“桜五輪”が急浮上、来年4~5月の春開催案を英紙が報じる「複数のIOC委員が提案」

桜と五輪マーク
桜と五輪マーク
春夏開催比較
春夏開催比較

 東京五輪は24日の国際オリンピック委員会(IOC)臨時理事会で「1年程度の延期」が決定した。最大の焦点となる開催時期については今後、組織委とIOCの調整委員会で検討されることになるが25日現在では、1年スライドされて2021年7月23日開幕、8月8日閉幕が最有力となる。一方で、IOC委員や組織委理事の中からは4~5月の春開催とする“桜五輪”案も浮上している。
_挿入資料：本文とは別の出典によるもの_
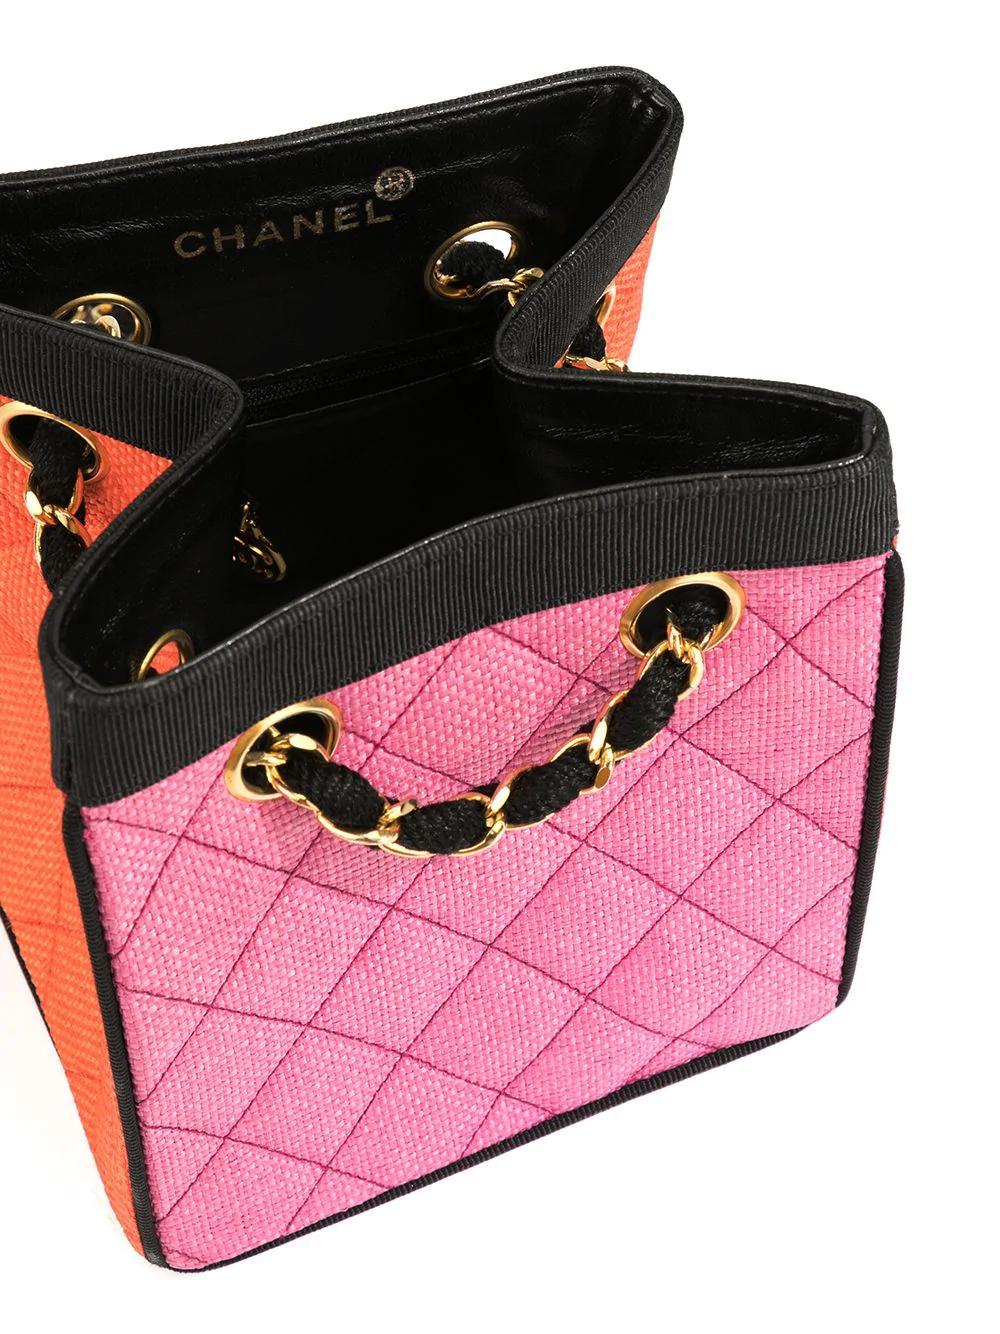 Women's Chanel 1991 Multicolor Mini Vintage Tote Bag Rare Pink Orange Black Straw Tote For Sale

 来年7月開幕が有力な東京五輪だが、IOC委員や組織委理事の一部から、来年4~5月の春開催という“桜五輪”の声も上がっている。25日付の英タイムズ紙は「複数のIOC委員が来年4月の桜五輪の可能性を提案した」、テレグラフ紙も「絶大な人気を誇る桜の季節に開催するのも一つの可能性」と報道。聖火リレーのトーチのモチーフとなった日本を象徴する美しい桜が、訪日客への「お・も・て・な・し」となる点も指摘した。

 7月開催は、東京五輪が立候補した際にIOCから条件として「7月15日~8月31日の開催」を提示されていた。だが、25日に電話会見を行ったバッハ会長は「遅くとも夏までに開催したいということで、広い視野から検討できる。夏だけに限定はしていない。全ての選択肢が検討される」と含みを持たせた。IOC憲章にも「日程はIOC理事会が決める」とあり可能性は十分にある。五輪組織委のある理事も新型コロナウイルス感染症の早期終息を前提に春開催に前向きだ。「春は他の国際大会と重なる影響も少ないし、気候もいい。現在選ばれている選手の影響が少ない中で大会が開ける」と明かした。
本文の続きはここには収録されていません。